Когда Тищенко приехал – спустя несколько лет – в свой родной поселок, его поразила вовсе не нищета, вдруг замеченная и в некрашеных заборах, и в покосившихся домах, и в мусоре, лежавшем пугающей, невообразимо-огромной кучей, а эти пустые глаза, шатающиеся люди, в которых он узнавал бодрых, энергичных мужиков, товарищей отца, которые в детстве угощали его печеньем и конфетами. А теперь – ходили трясущейся походкой, в руках – полотняные сумки с отощавшими боками, одеты в разноцветное тряпье, привезенное с турецких рынков, в вязаных черных шапочках или замызганных петушках, в непомерных, будто раздувшихся, пуховиках. Когда выпивали, хохотали громко, во всю мочь, когда были трезвыми, тихо шатались по улицам, не замечая прохожих, глядя под ноги, худые, заросшие щетиной, с густо насупленными бровями.

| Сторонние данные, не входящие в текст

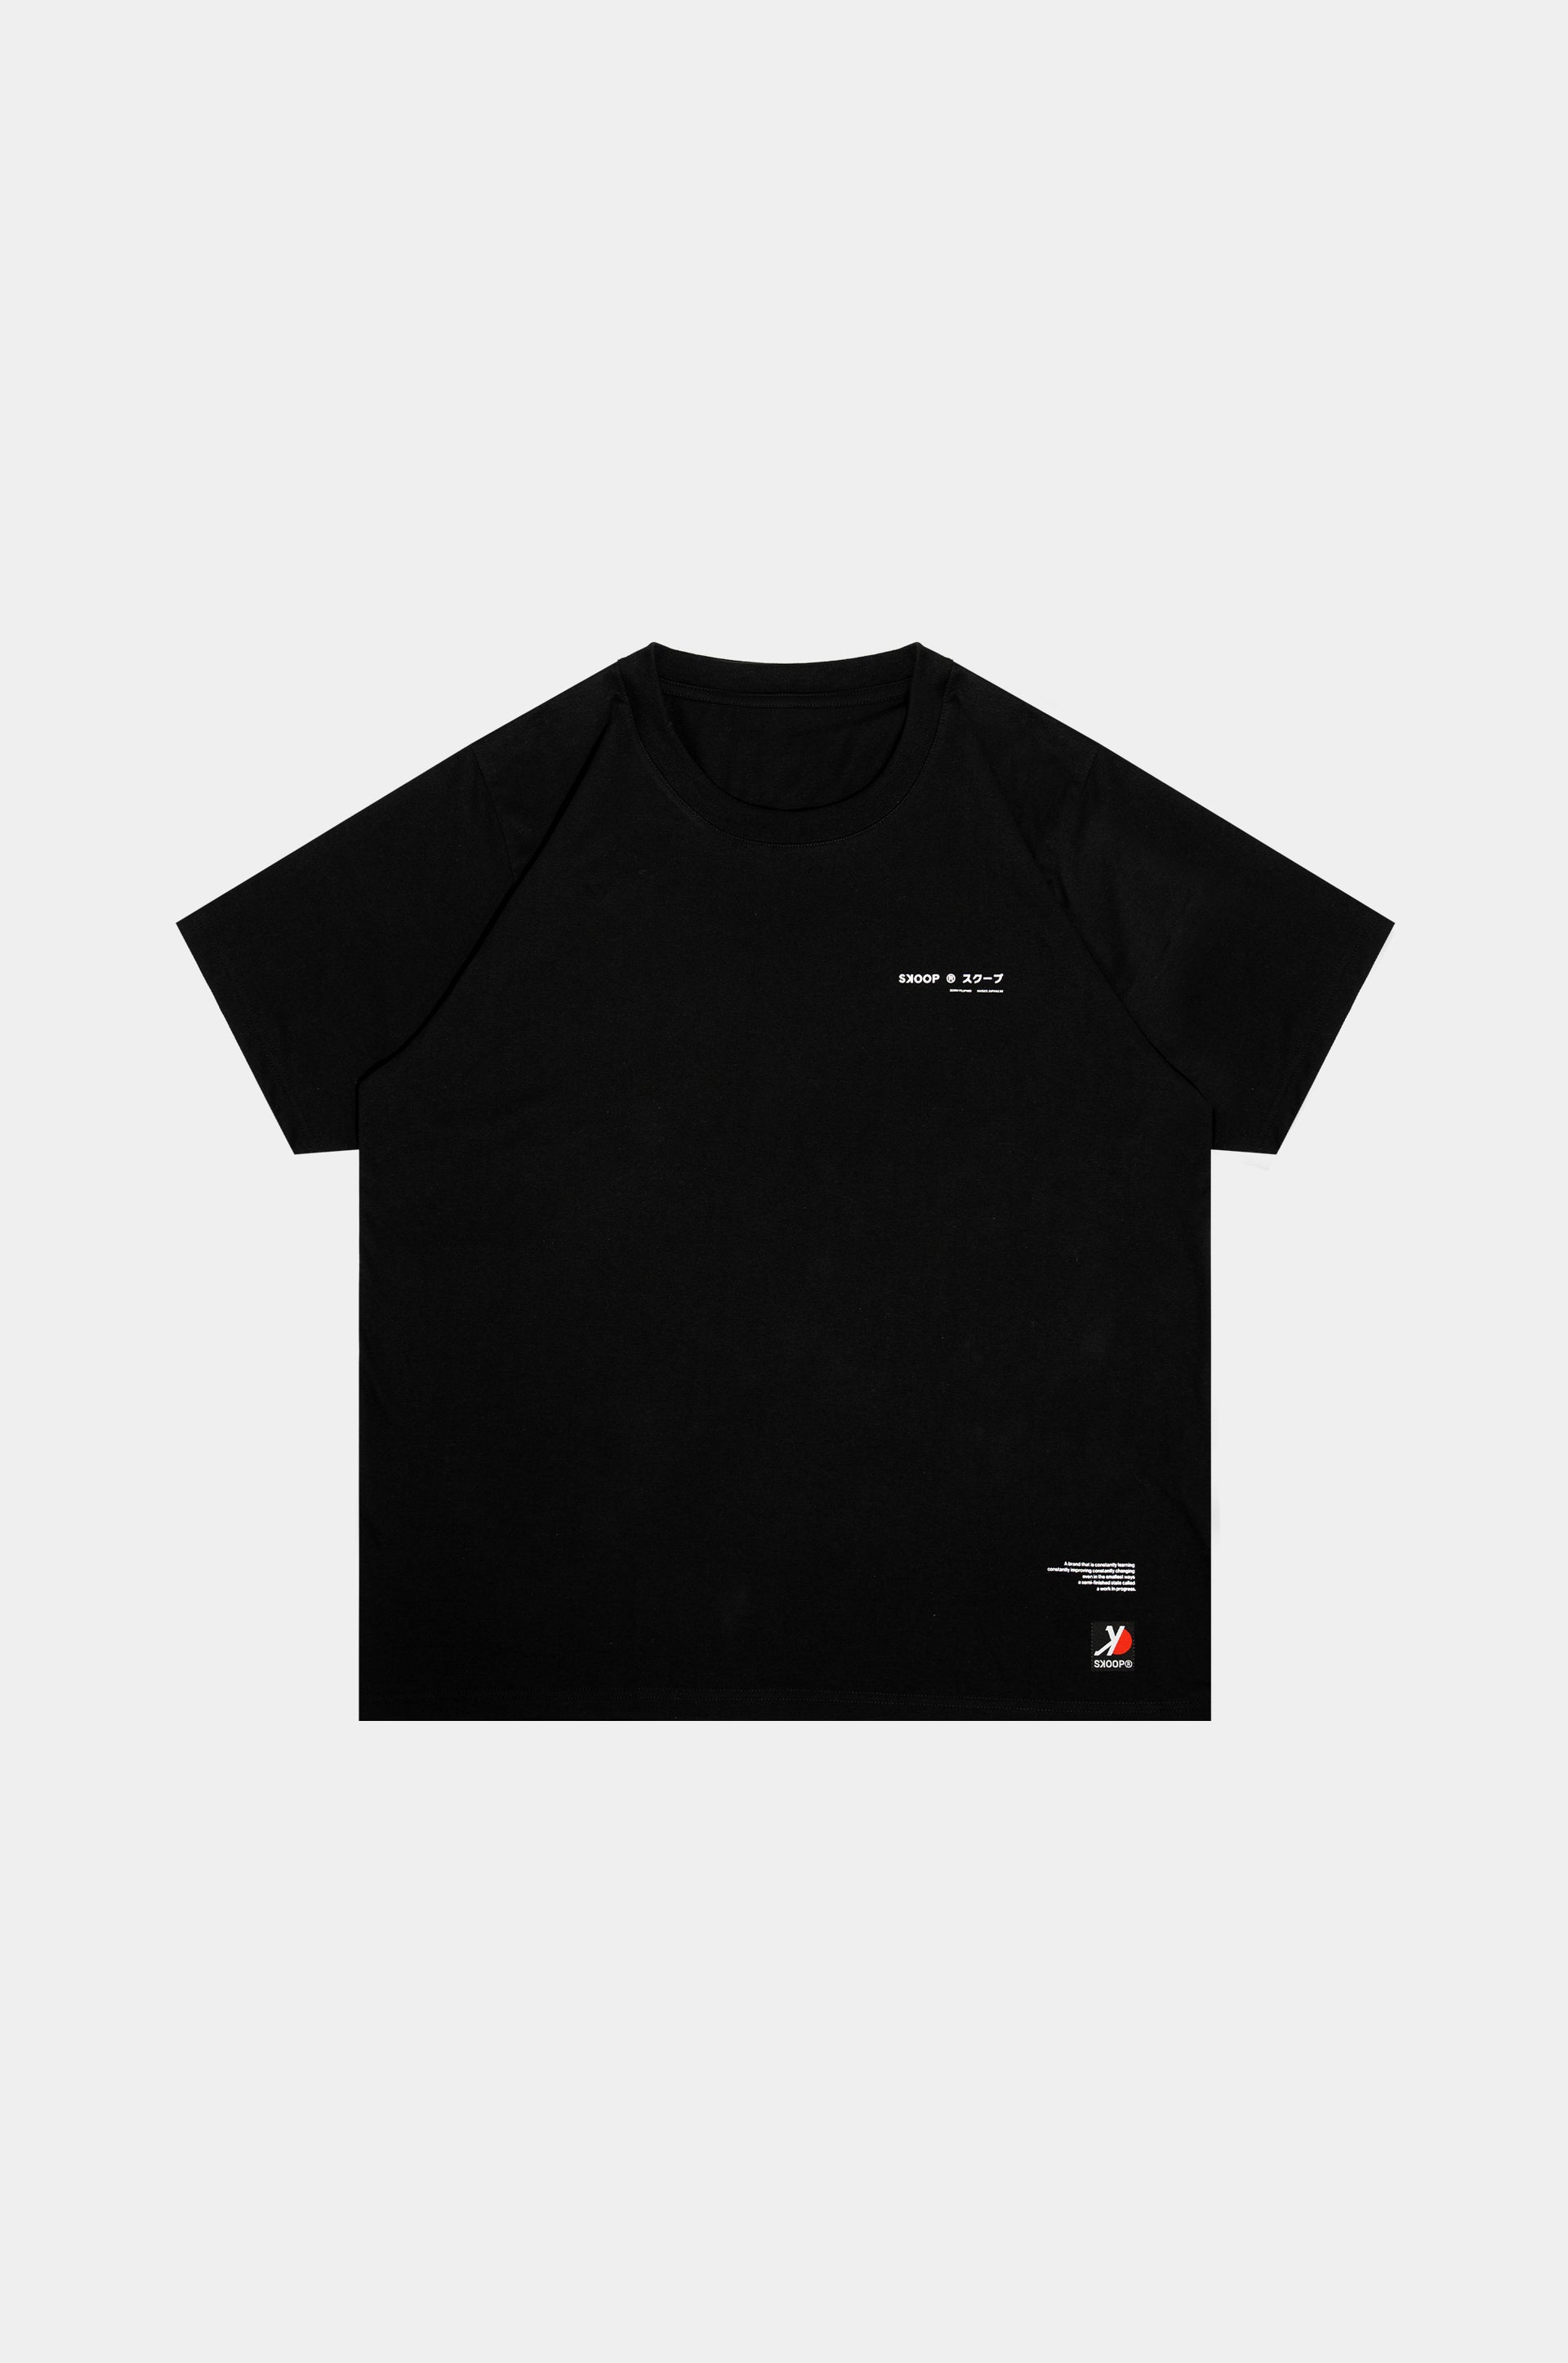 SKOOP® Twin Dragon Shirt Onyx

Кто-то подрабатывал в городе, кто-то просто пил, а кто-то и вовсе не знал, чем занять эти долгие дни. Вечерами то тут, то там случались попойки, бились стекла, приезжала милиция, лениво разнимала то отца с сыном, то жену с мужем, а иногда и «скорая помощь», мигая синими огнями, пробиралась по темным улицам, заезжала во дворы, забирала то мужиков с проколотым животом, то женщин с разбитой головой. Висели низкие облака, жутко и резко звенел ветер, продувая насквозь пустые улицы, когда черная машина, которая только как проделала тысячу километров – от самой Москвы – въехала на родную улицу. Высокий дом за зеленым забором, низкие, еще не успевшие вырасти со времен пожара деревца в палисаднике, грядки, иссеченные дорожками, будто по линейке. Везде чувствовалась хозяйская рука, вовремя, к месту приложенные силы – мать успевала, и Тищенко, войдя в калитку, позвал – и она выскочила, он подхватил ее на пороге:
– Чего калитку не запираешь?
– Сынок, сынок, – целовала его, – дай гляну на тебе… Вытянулся! Не кормит хозяйка поди?
Накормив, рассказывала про новости, которые настигли поселок:
– Петров жену бьет, просто в смерть. А эти, Прохватиловы, которые в соседях у нас были, теперь в город подались, снимают, дом продали.
– А Малеевы что? – спрашивает сын.
– Отец совсем плохой у них. Сидит, сидит ничего, а потом как задвошит, кашель бьет, не остановишь. Плохо, плохо…
Вечеряют, а день клонится, мутно разливаются в окна огни фонарей.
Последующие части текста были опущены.